Nanoized Inorganic Materials and Minerals
“Nanoparticles” are understood by the expert to be particles which, through suitable production processes, have mean particle sizes of 0.01 to 0.1 μm. One such process for the production of nanoparticles by rapid expansion of supercritical solutions (RESS process) is known, for example, from the article by S. Cihlar, M. Turk and K. Schaber in Proceedings World Congress on Particle Technology 3, Brighton, 1998. To prevent the nanoparticles from agglomerating, it is advisable to dissolve the starting materials in the presence of suitable protective colloids or emulsifiers and/or to expand the critical solutions into aqueous and/or alcoholic solutions of the protective colloids or emulsifiers or into cosmetic oils which may in turn contain redissolved emulsifiers and/or protective colloids. Suitable protective colloids are, for example, gelatine, casein, chitosan, gum arabic, lysalbinic acid, starch and polymers, such as polyvinyl alcohols, polyvinyl pyrrolidones, polyalkylene glycols and polyacrylates.

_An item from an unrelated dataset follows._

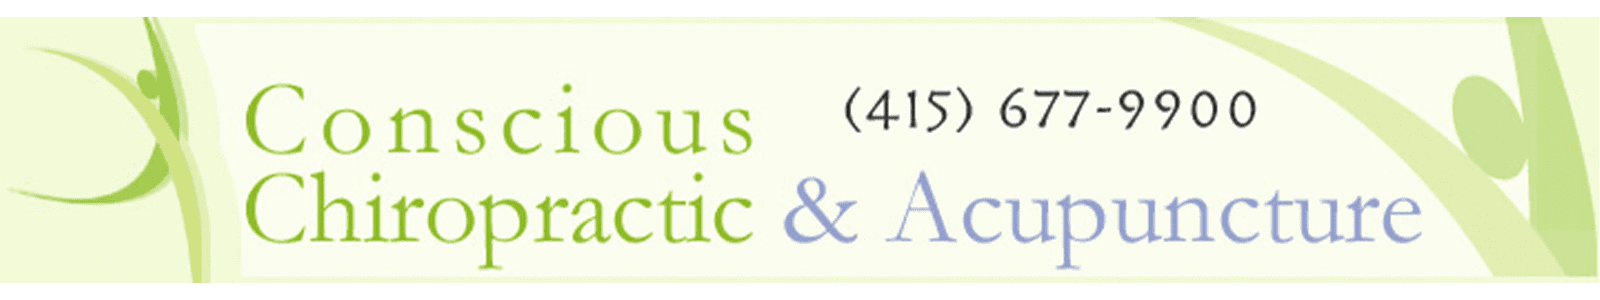 Conscious Chiropractic & Acupuncture

Another suitable process for the production of nanoscale particles is the evaporation technique. Here, the starting materials are first dissolved in a suitable organic solvent (for example alkanes, vegetable oils, ethers, esters, ketones, acetals and the like). The solutions are then introduced into water or another non-solvent, optionally in the presence of a surface-active compound dissolved therein, so that the nanoparticles are precipitated through the homogenization of the two immiscible solvents, the organic solvent preferably evaporating. O/w emsulsions or o/w microemulsions may be used instead of an aqueous solution. The emulsifiers and protective colloids mentioned previously may be used as the surface-active compounds.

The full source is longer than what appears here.